Earlier this year, controversial pastor Rob Bell insinuated there was no physical place known as Hell. Now, prominent physicist Stephen Hawking says there is no Heaven, calling it a "fairy story."

"I regard the brain as a computer which will stop working when its components fail," he told Britain's The Guardian in an exclusive interview. "There is no heaven or afterlife for broken down computers; that is a fairy story for people afraid of the dark."

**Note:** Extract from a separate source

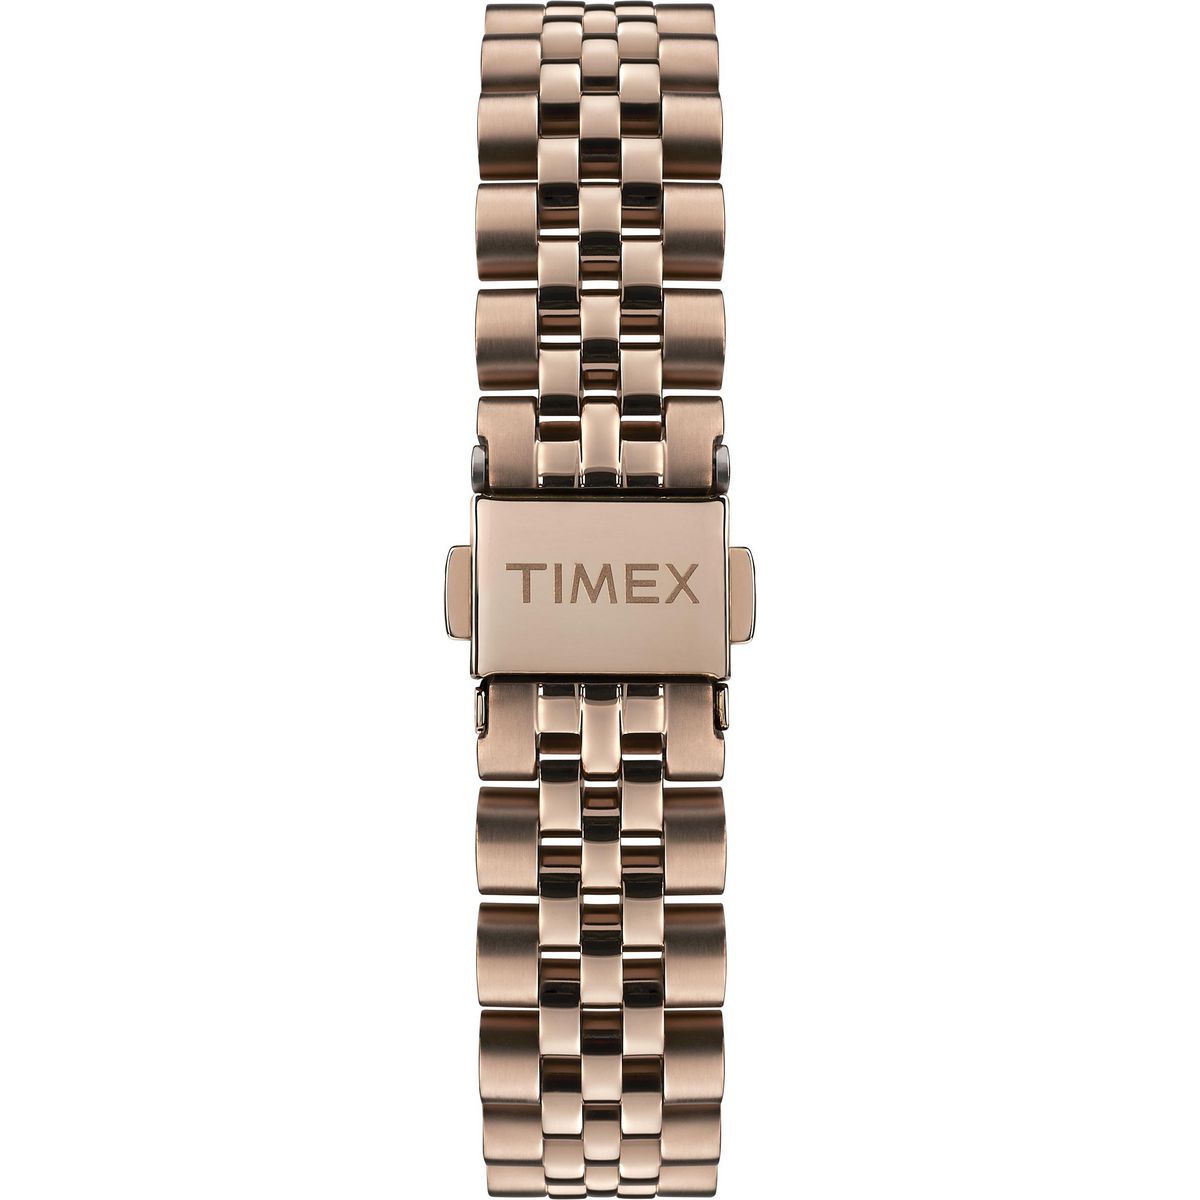 Timex Mother of Pearl Dial Analog Women Watch - TW2T89400

The Guardian details more of the interview:

In the interview, Hawking rejected the notion of life beyond death and emphasised the need to fulfil our potential on Earth by making good use of our lives. In answer to a question on how we should live, he said, simply: "We should seek the greatest value of our action."

In answering another, he wrote of the beauty of science, such as the exquisite double helix of DNA in biology, or the fundamental equations of physics.

Hawking responded to questions posed by the Guardian and a reader in advance of a lecture tomorrow at the Google Zeitgeist meeting in London, in which he will address the question: "Why are we here?"

In the talk, he will argue that tiny quantum fluctuations in the very early universe became the seeds from which galaxies, stars, and ultimately human life emerged. "Science predicts that many different kinds of universe will be spontaneously created out of nothing. It is a matter of chance which we are in," he said.